HACKER Q&A
📣 DantesTravel

Have you ever used anti detect browsers for web scraping?


I'm in the web scraping industry for a while and I often spend some time creating my "swiss knife" with Playwright or Selenium in case things get tough. Thanks to a niche substack I'm following, I discovered only today the existence of anti detect browsers like GoLogin and others. From what I see, they seem a good solution for small projects, but difficult to scale in larger ones for costs of licensing and infrastructure (most of them require a windows machine to run). Does any of you guys smarter than me use these browsers on a large scale? How is composed your tech stack?
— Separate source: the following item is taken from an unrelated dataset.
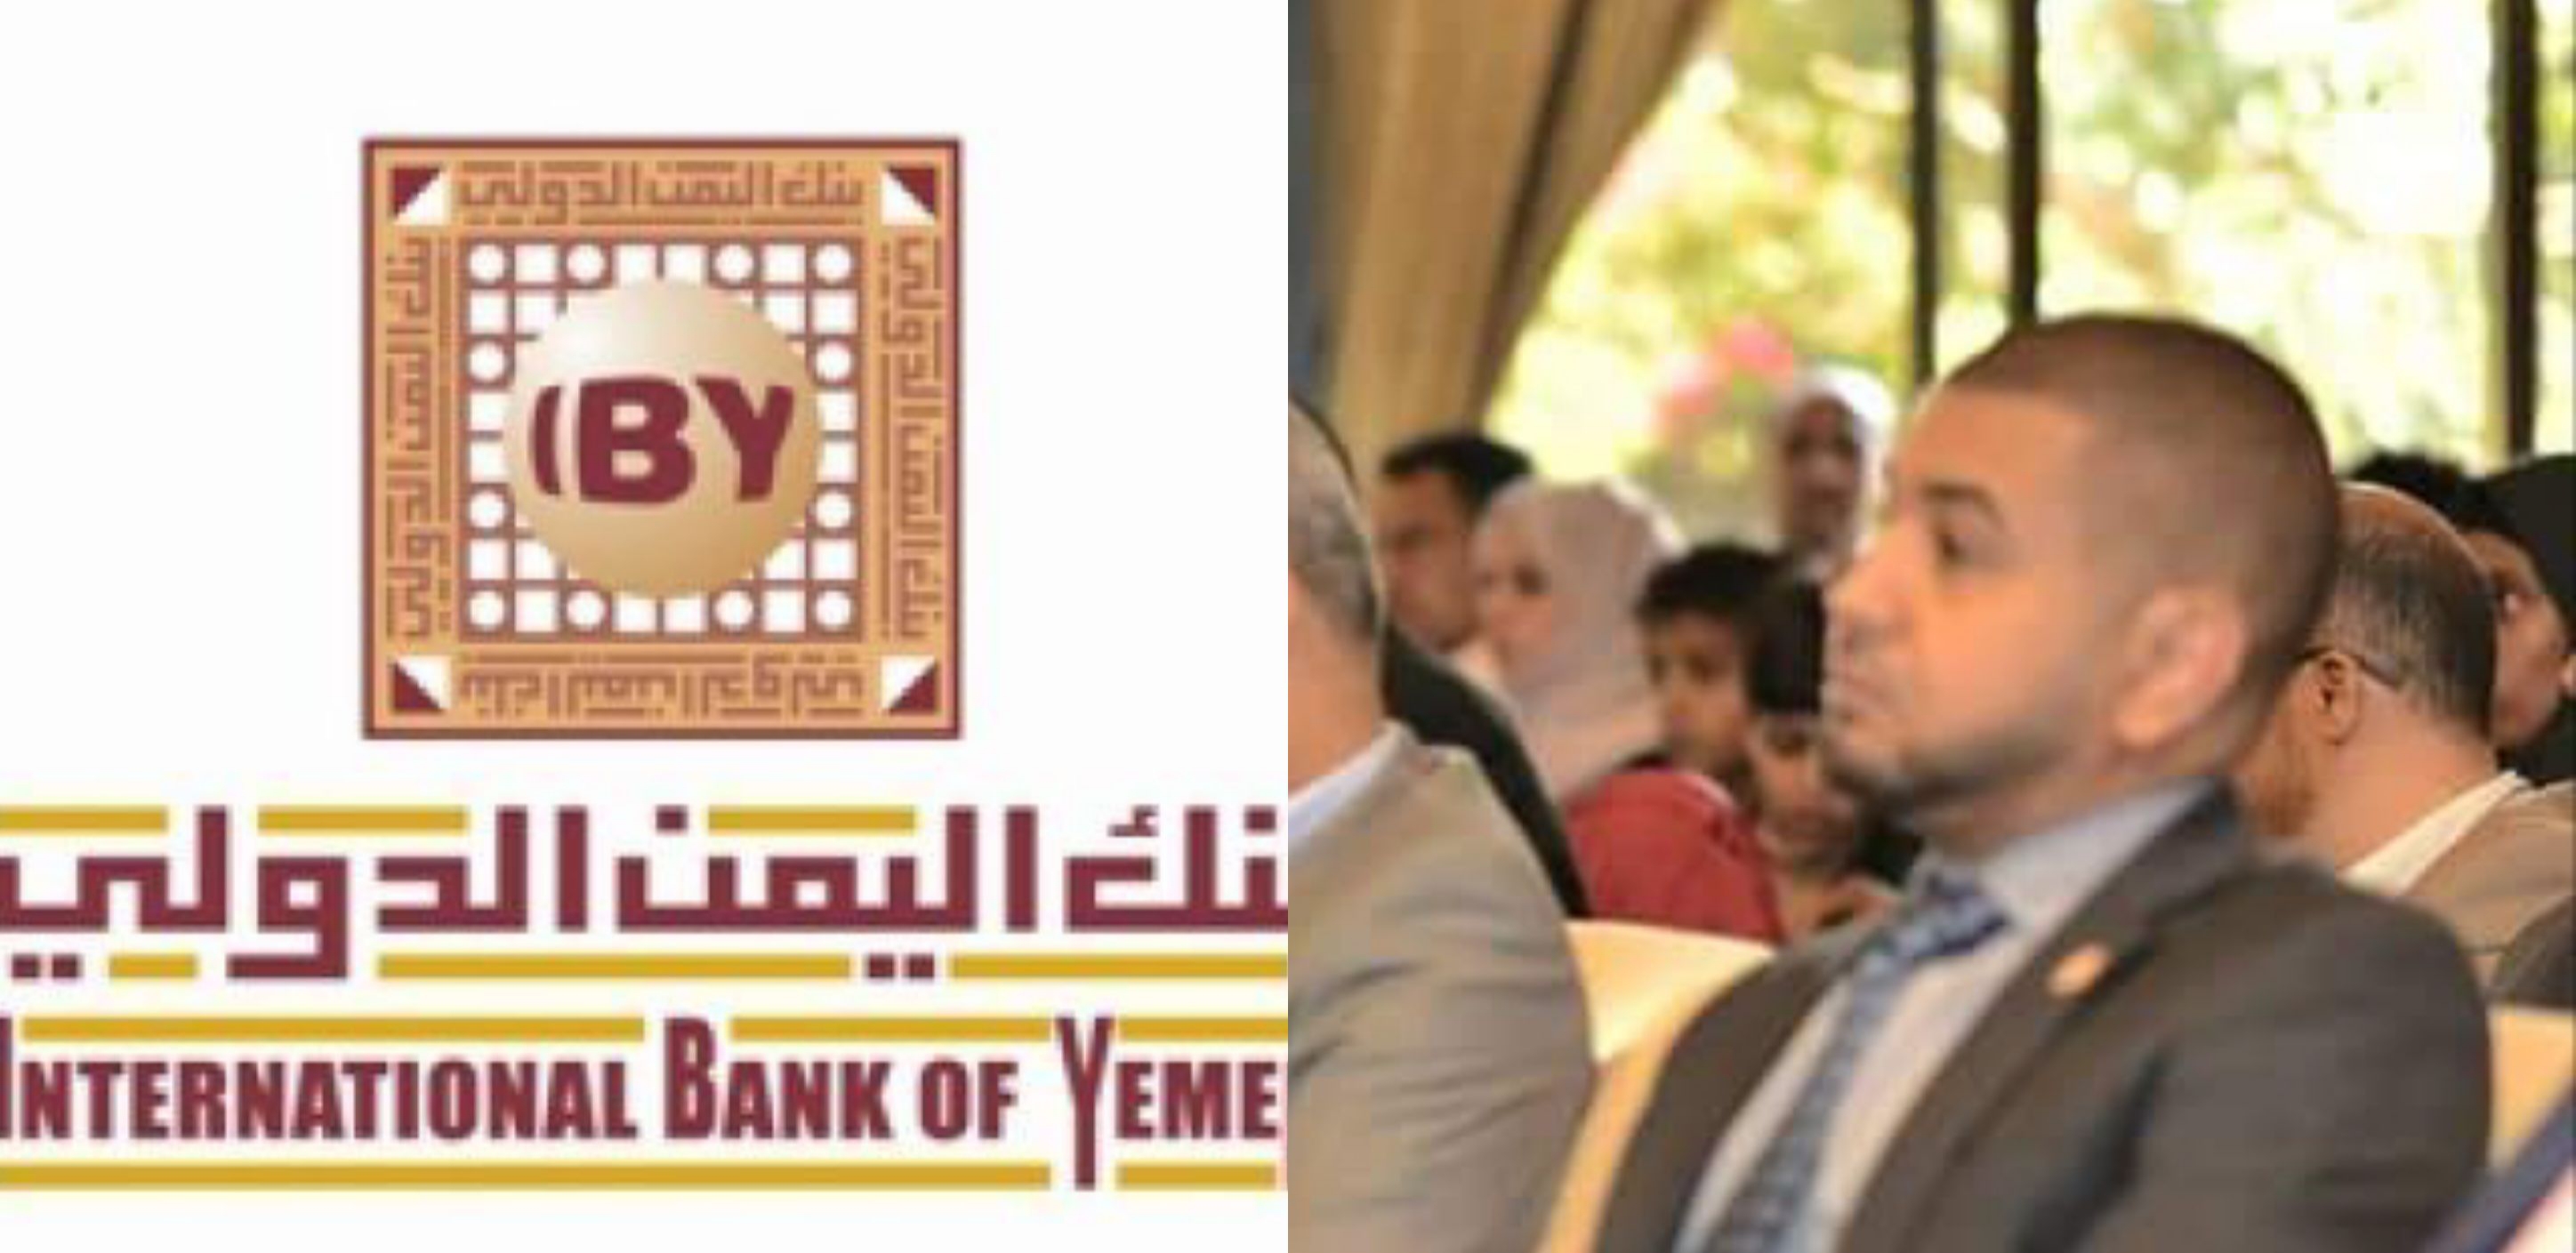 خبراء اقتصاد يحذرون :بنك اليمن الدولي بصنعاءعلى وشك الانهيار والافلاس بعد تورطة مدير البنك بقضايا فساد ونصب وتلاعب بأرصدة العملاء والعملة ..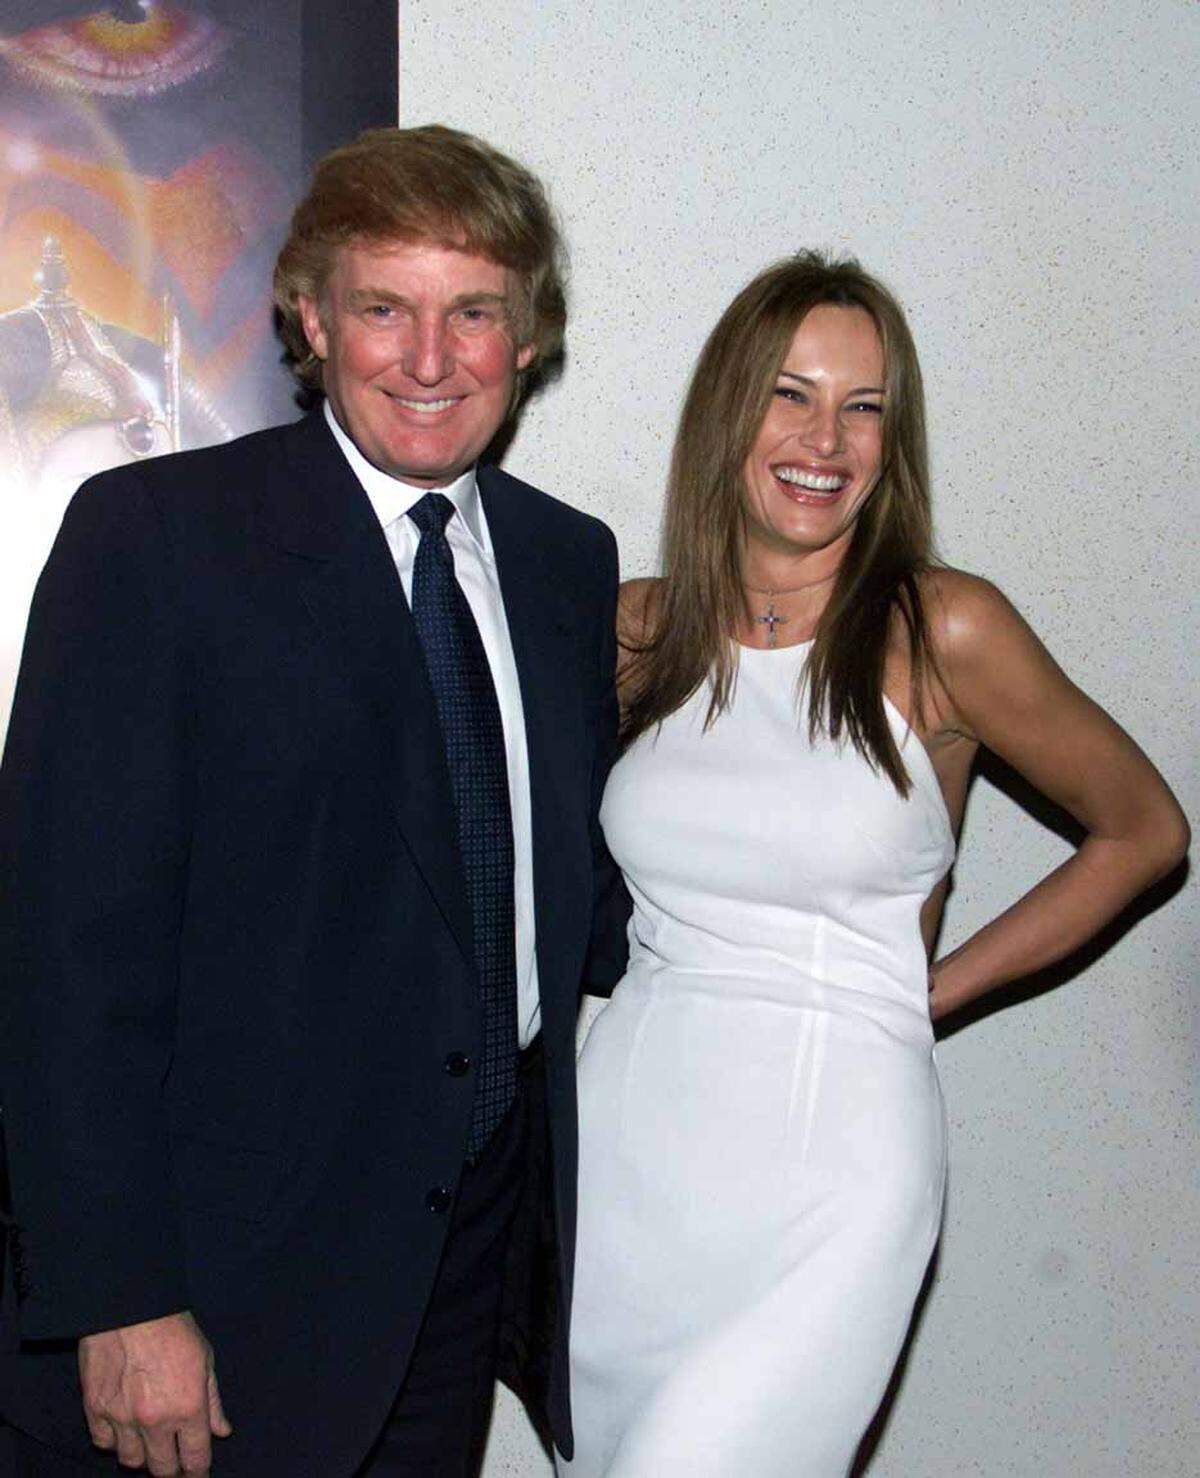 Melania Knauss und Donald Trump im Jahr 1999.

  👤 jmt_ Accepted Answer ✓
How would you actually use an anti-detect browser programmatically? Would you need to write a custom Selenium driver for it or equivalent for Playwright? Even if the browser is built off something like Chrome, you'd still need a way to interact with the anti-detect related features.

A good trick I discovered is using webkit thru Playwright to bypass fingerprinting and related anti-bot measures. Firefox/Chrome simply leaks too much information, even with various "stealth" modifications. e.g: have been able to reliably scrape a well known companies site that implemented a "state of the art, AI-powered, behavioral analysis, etc" anti-bot product. Using Chrome/Firefox + stealth measures in Playwright did not work - simply switching to Webkit with no further modifications did the trick.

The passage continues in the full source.